初めて小倉へやってきた。今日もまたお茶のご縁に引き寄せられた。実は4年前、台北で行きつけのお茶屋さんでお茶を飲んでいると、横で日本人男性が一人、お茶を飲んでいた。『観光ですか?』と聞くと『出張です』との答えで驚いた。平日の午後からゆったりお茶を飲んでいる出張とは?それがT社長との出会いだった。彼の会社はその時、台北に店舗を出店しており、取引関係のある、このお茶屋さんに出向いていたのである。お茶を飲むのがお仕事、いいなと思ったのを覚えている。

 

このお店は有名なお茶屋さんであり、万永元年、幕末の京都で創業。玉露製法を考案した祖先は非常に有名である。大正時代に茶処の九州で一番繁栄していた小倉の街に支社を作り、商売を広げた、というのが小倉店舗の始まりのようだ。
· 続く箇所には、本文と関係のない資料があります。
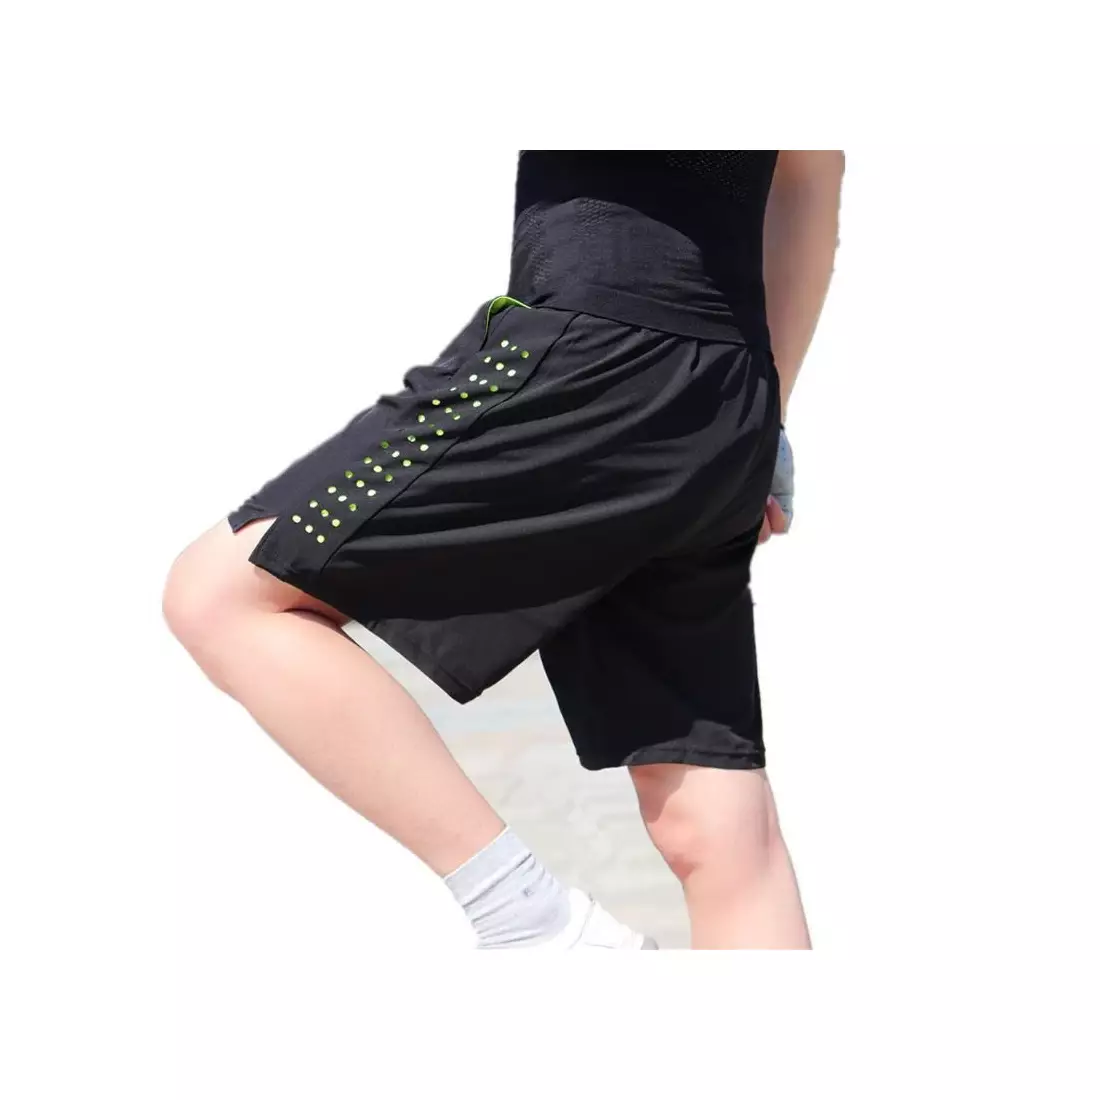 WOSAWE BL123-B pantaloni scurți de alergare pentru bărbați 2in1, negru

今は京都とは全く別経営だとか。

 

駅前から少し行くと京町銀天街があり、その商店街の中に店舗があった。如何にも老舗という店名の看板、しかしその下で売られていたのは、抹茶アイスだった。そしてそれを嬉しそうに買い、皆で記念写真を撮る台湾人の若い女性たちがいた。T社長に経営について話を聞く。現在の日本の茶業にとって、とても刺激的、画期的な内容だったが、その話は別の機会に書くので譲る。T社長は地域の活性化にも力を入れているようで、とても忙しそうだった。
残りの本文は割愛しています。